Reviewing the first episode of the four-parter, a Times writer described Lost in Austen as "a funny, clever breeze". James Walton of The Daily Telegraph noted that "it does triumphantly achieve its main aim of being enormously good-natured fun."

The Guardian's reviewer wrote "I loved it". Hermione Eyre in The Independent on Sunday wrote "This a sweet and foamy guilty pleasure, the advocaat on the TV cocktail list."

Reviewing episode two, Nancy Banks-Smith in The Guardian wrote it was "Amazingly good for ITV. Surely some mistake here?". Under the headline "creative revival is not enough to reverse ITV's historic low", Janine Gibson wrote in The Guardian that the show is "flawed, but ambitious; a big ask, but answered with verve; polarising and a bit controversial. It is, in short, the sort of thing we've come to expect of BBC1". Reviewing episode three, Tim Teeman in The Times wrote "it was fun to have Amanda ask Mr Darcy to emerge from the water so that she could indulge a fantasy she had only read on the page".

Reviewing the final episode, Tim Teeman in The Times continued his praise, giving the show five stars. Readers of the Media Guardian voted Lost in Austen their 16th favourite TV show of 2008, the first time an ITV drama has made the poll.

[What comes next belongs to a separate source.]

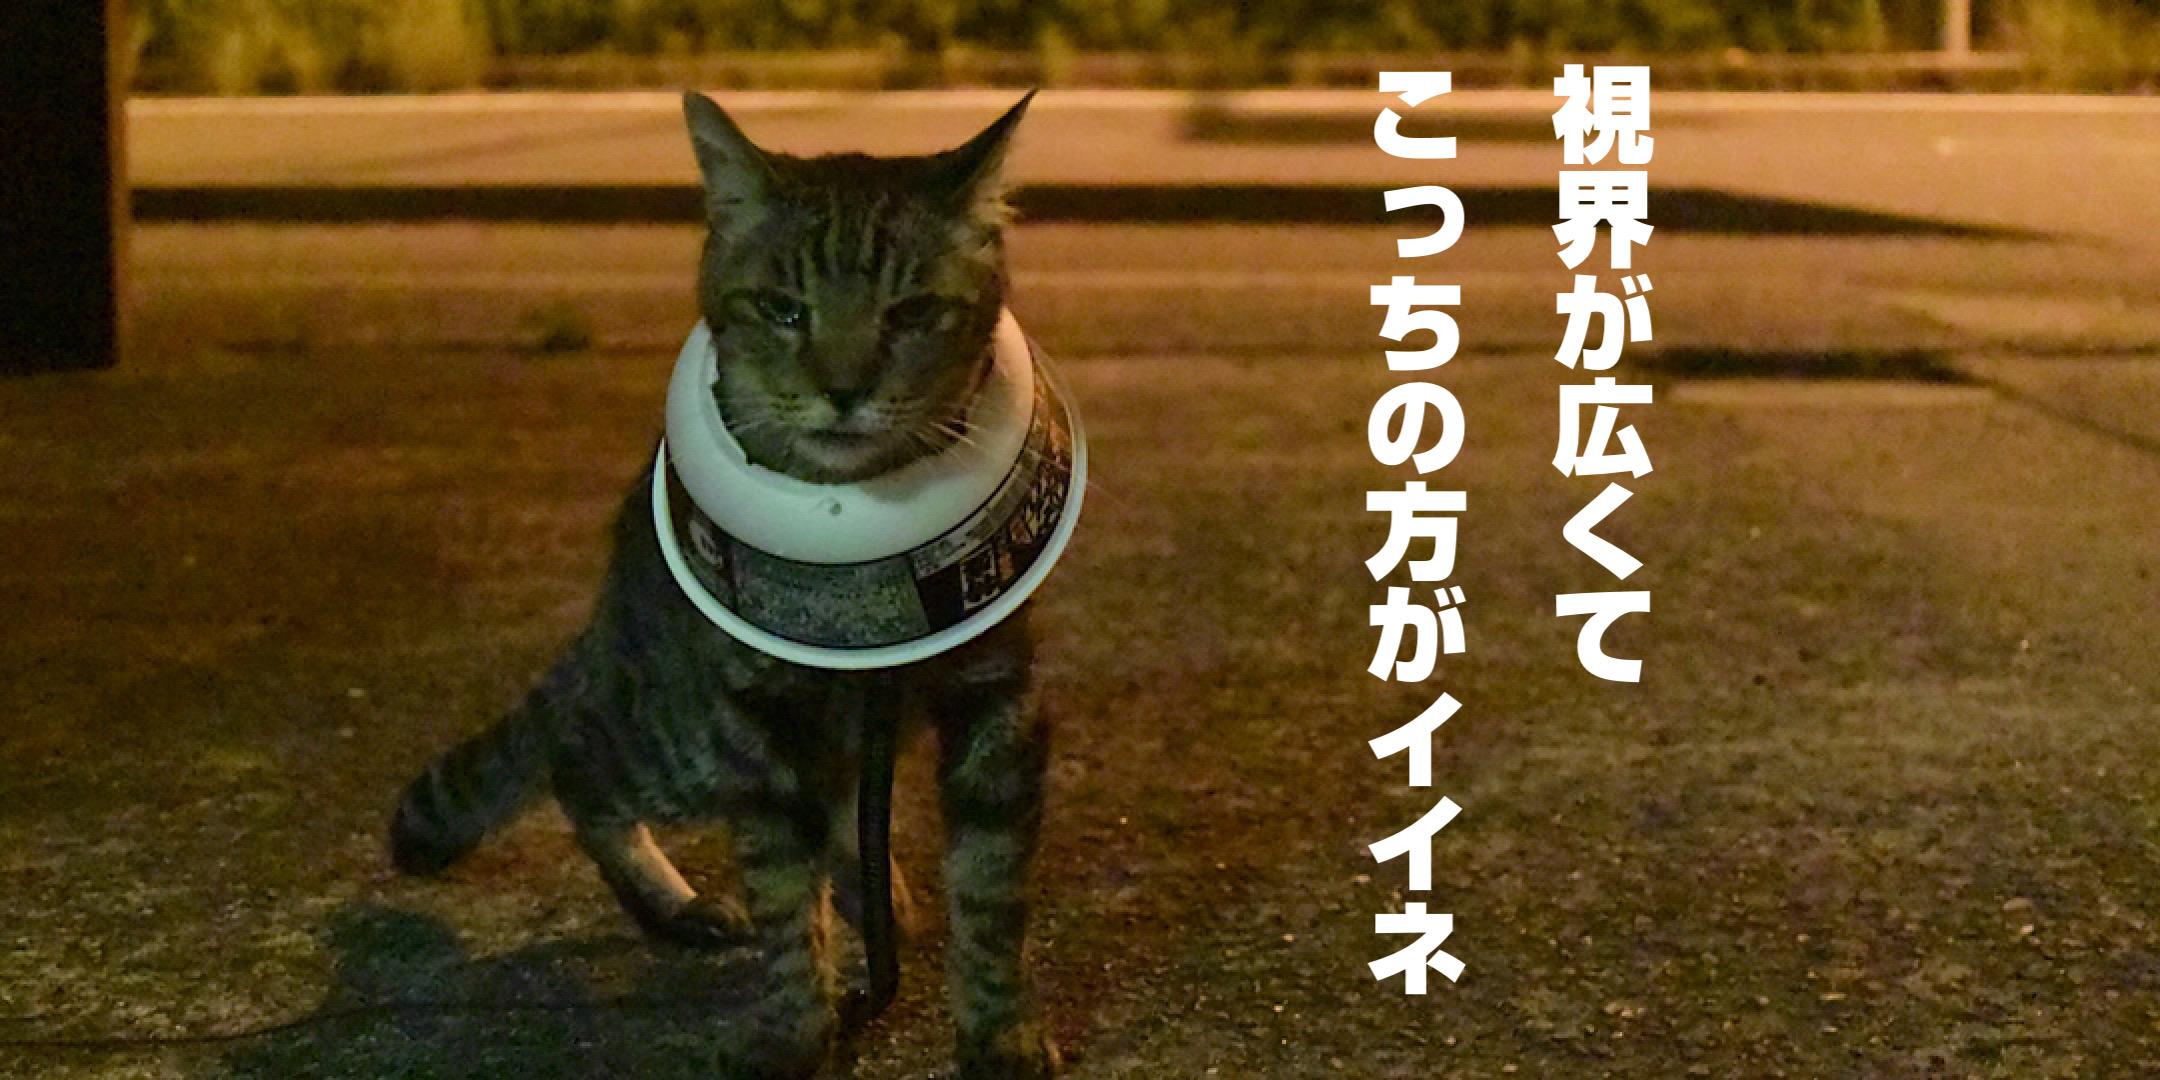 どん兵衛カラーで歩く猫

== Planned movie version==
On 11 February 2009, The Guardian newspaper reported that a movie version of the series was under development. Oscar-winning director Sam Mendes was attached as an executive producer. Nora Ephron was working on the project at the time of her death in 2012. Two years after Ephron's death, Carrie Brownstein was asked to finish the script.

The four parts of the miniseries were put together as a movie and released on DVD. The North American version differs in that the scene with Amanda Price singing "Downtown" was eliminated, as was a ringtone using the music from the 1995 BBC version of Pride and Prejudice.